Verdict: RE-IMAGINING GOVERNMENT provides a solid view of why people have soured on their leaders and points the way toward how democracy might work better in the future.
If there is anything the left and the right can agree upon these days, it is that government isn’t working. Christopher Wilson drives this point home relentlessly in his new book, RE-IMAGINING GOVERNMENT, a broad look at all the reasons our leaders are failing us, and the institutions set up centuries ago to serve people are nowhere near performing the way they should be.
Wilson, a retired, former Senior Fellow at Canada’s University of Ottawa, which works with organizations to better understand the way governments function, opens with a stark reminder that the the U.S. government today was designed by people over two centuries ago, that many of those people were farmers, education was “rudimentary,” transportation meant walking or horseback riding and that cities were “a blight of overcrowding, poverty and sewage.” But government has been failing for some time now, at least since the latter part of the 1990s, Wilson argues. One prime reason, he suggests, is that elected representatives really only represent themselves, that they have lost the confidence of the public, and that “leader-driven democracy” runs against the tide of social and technological innovation.

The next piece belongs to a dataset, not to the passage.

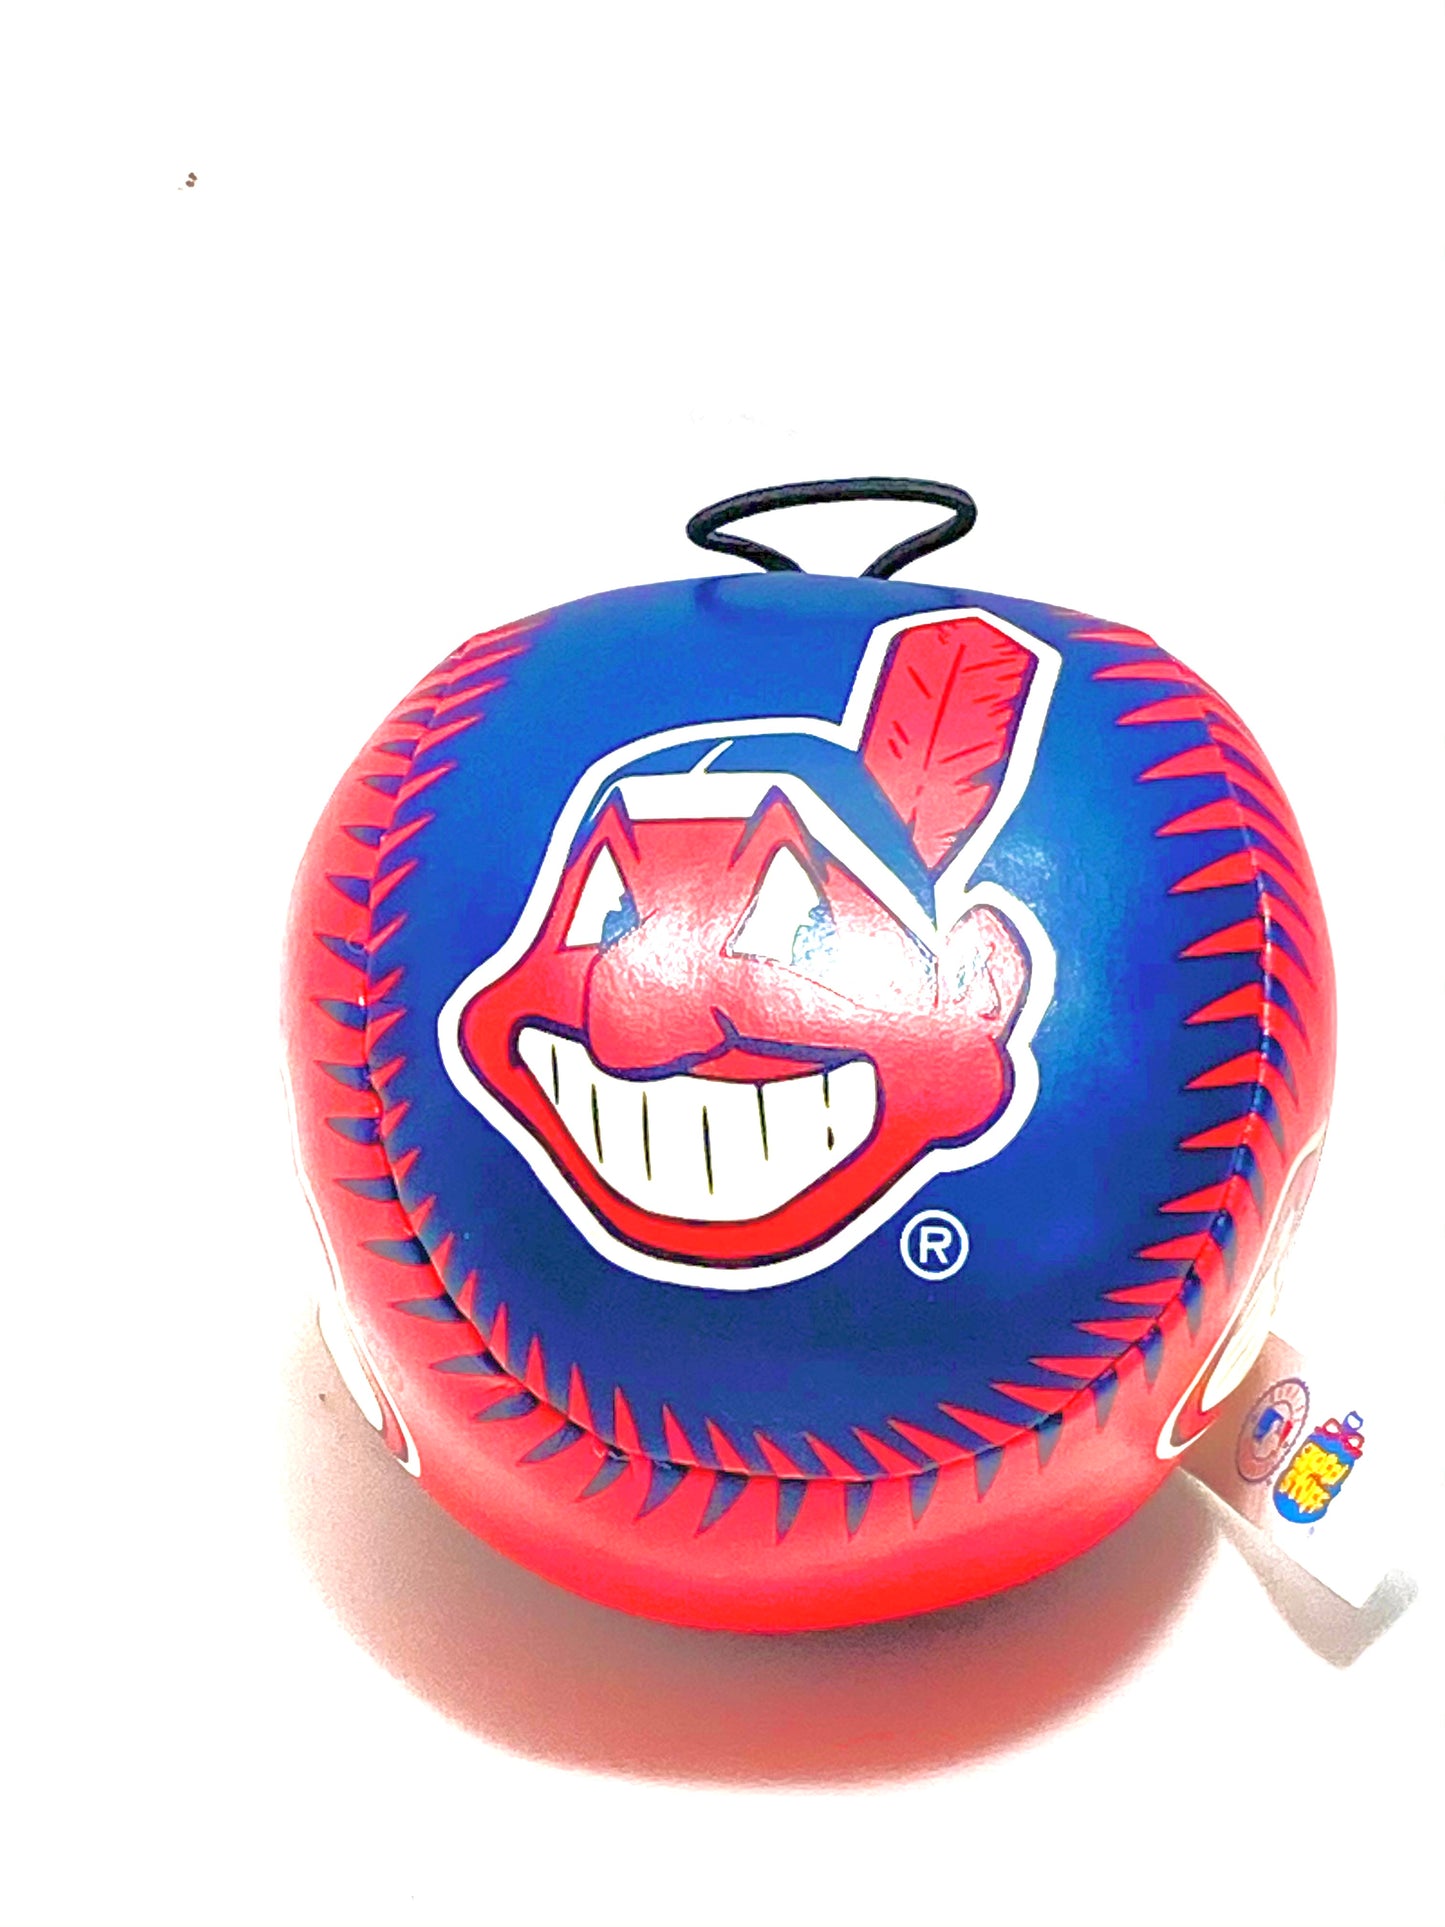 Cleveland Indians Vintage 2000 MLB Mush Ball/Ornament by Good Stuff Corp.

Many governments around the world, Wilson notes sarcastically, are now led by “great men,” by which he means dictators or would-be dictators. This is because such people, who he labels “populists,” pose easy solutions to complex problems of immigration, global warming, and even war and peace, he writes. He is unsparing on Donald Trump, who he sees as a prime example of the “great man” theory of government. He calls Trump “the needy narcissist.” Other such populists, Wilson calls out, are Turkey’s Recep Tayyip Erdogan, Russia’s Vladimir Putin, and the Philippines’ Rodrigo Duterte.
“Populism is a doctrine proven to be driven by envy and a willingness to seek violence against those perceived as being different,” Wilson writes. What is needed, Wilson says, is “shared governance by citizens themselves,” utilizing the powers of the internet to connect people and organizations. He likes such concepts as Uber, Airbnb and renewable energy, because they connect people in new ways and are organized outside the realm of traditional government. Wilson’s book, although populated by some deep dives into academia, is nonetheless a good read for anyone who wants to understand what divides people politically and the unpleasant results of this division. He is promising a Part II, which will look at the government of the future.
RE-IMAGINING GOVERNMENT provides a solid view of why people have soured on their leaders and points the way toward how democracy might work better in the future.